Il Canada ha annunciato dazi fino al 50 per cento su alcuni beni statunitensi, in risposta a quelli imposti da Trump

Il ministro delle Finanze e delle Entrate nazionali François-Philippe Champagne durante il discorso con cui il governo canadese ha annunciato i dazi sui beni statunitensi a Ottawa, Canada, 25 agosto 2026 (Justin Tang/The Canadian Press/AP)
Il ministro delle Finanze e delle Entrate nazionali François-Philippe Champagne durante il discorso con cui il governo canadese ha annunciato i dazi sui beni statunitensi a Ottawa, Canada, 25 agosto 2026 (Justin Tang/The Canadian Press/AP)
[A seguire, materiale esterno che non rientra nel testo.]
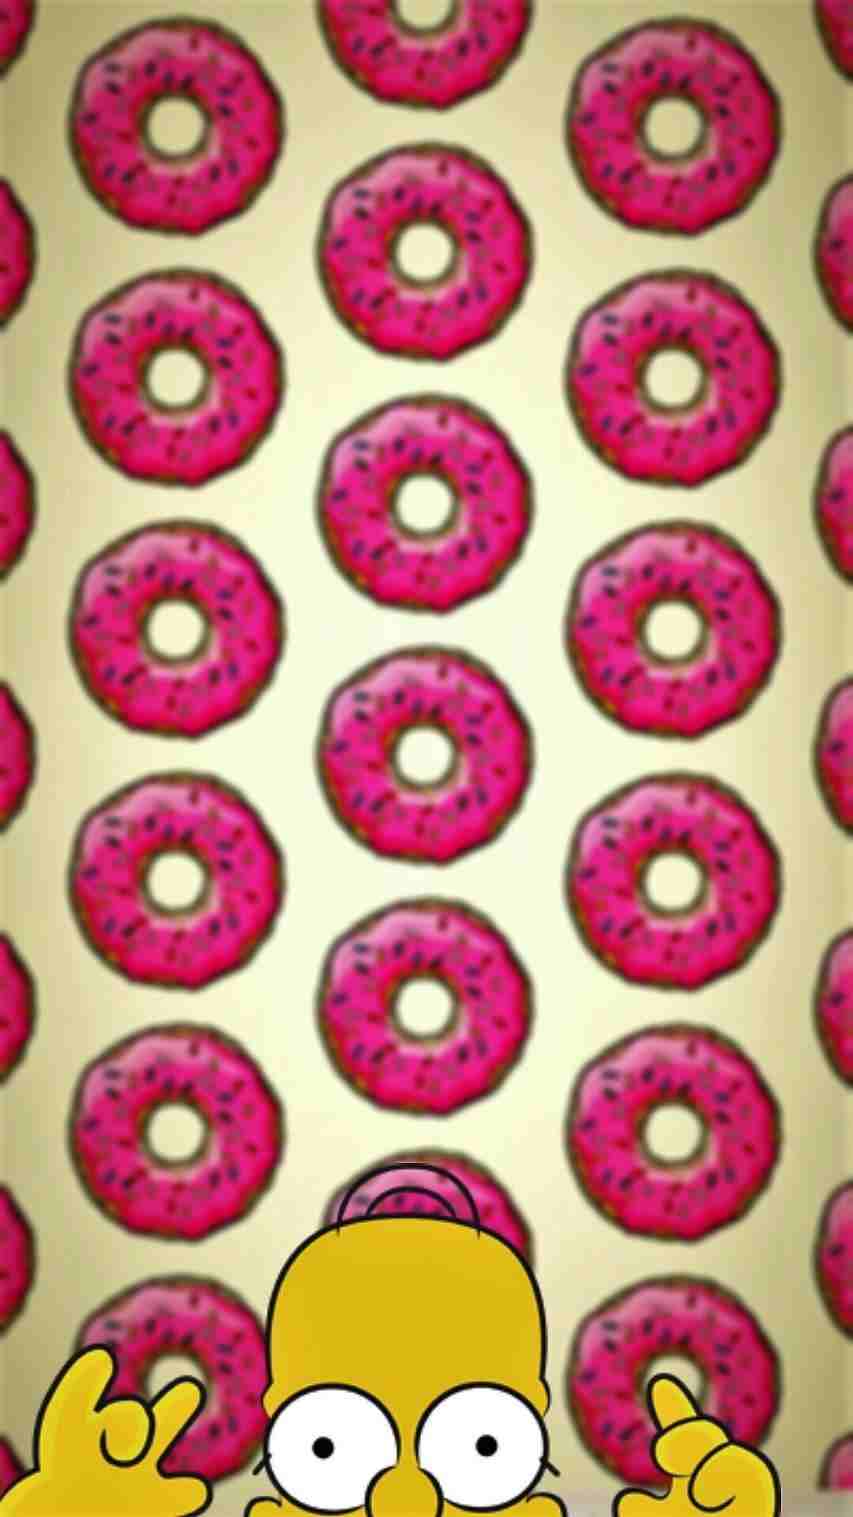 Download 920 Koleksi Background Tumblr Donut Gratis

Il governo canadese ha annunciato ufficialmente che dall’8 settembre imporrà dazi fino al 50 per cento su alcuni beni importati dagli Stati Uniti, per un valore complessivo di beni pari a 27,6 miliardi di dollari canadesi (circa 17 miliardi di euro). Questi dazi sono una risposta a quelli del 50 per cento su alcuni beni prodotti in Canada voluti dal presidente statunitense Donald Trump. Il governo canadese aveva già annunciato nuovi dazi dopo il fallimento delle trattative, lo scorso fine settimana, ma senza dare dettagli.
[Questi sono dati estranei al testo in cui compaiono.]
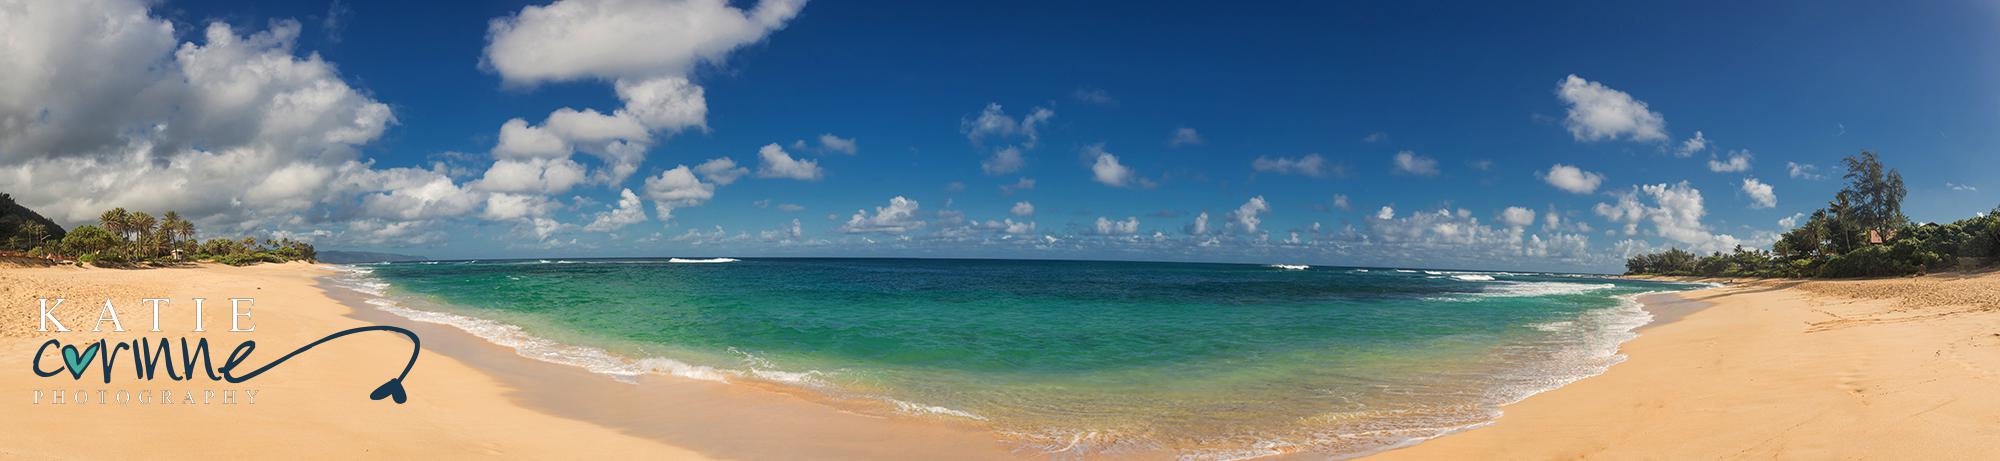 landscape photograph of hawaii beach

Il governo canadese, guidato dal primo ministro Mark Carney, ha inoltre annunciato un piano dal valore di 7,5 miliardi di dollari canadesi (circa 4,6 miliardi di euro) per supportare le aziende e i lavoratori che saranno danneggiati dai dazi. Carney si è dimostrato uno dei leader più combattivi rispetto alla politica commerciale aggressiva di Donald Trump.
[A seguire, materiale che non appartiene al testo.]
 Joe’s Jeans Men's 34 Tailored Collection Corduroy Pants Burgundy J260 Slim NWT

I dazi imposti dal Canada sui beni importati dagli Stati Uniti avranno varie aliquote. Saranno pari al 50 per cento del valore per acciaio e alluminio, che in precedenza erano soggetti solo a un dazio del 25 per cento, e per varie altre merci, tra cui prodotti di arredamento e di abbigliamento. Saranno del 25 per cento per elettrodomestici, latticini, pesce e frutti di mare, nonché per alcuni prodotti derivati dall’acciaio e dall’alluminio. E saranno del 15 per cento per determinati tipi di utensili e macchinari, tra cui carrelli elevatori e impianti di climatizzazione.

Il Canada e gli Stati Uniti hanno da molti decenni grossi scambi commerciali favoriti anche dal fatto di condividere un lungo confine. Trump tuttavia ha portato avanti una politica di guerra commerciale con molti alleati statunitensi, tra cui anche il Canada: ha usato i dazi come strumento di pressione economica per spingere i paesi ad accettare accordi commerciali, che secondo lui erano maggiormente favorevoli agli Stati Uniti. Secondo Carney però il Canada non deve cedere a questa pressione, e ha quindi risposto imponendo dazi a sua volta.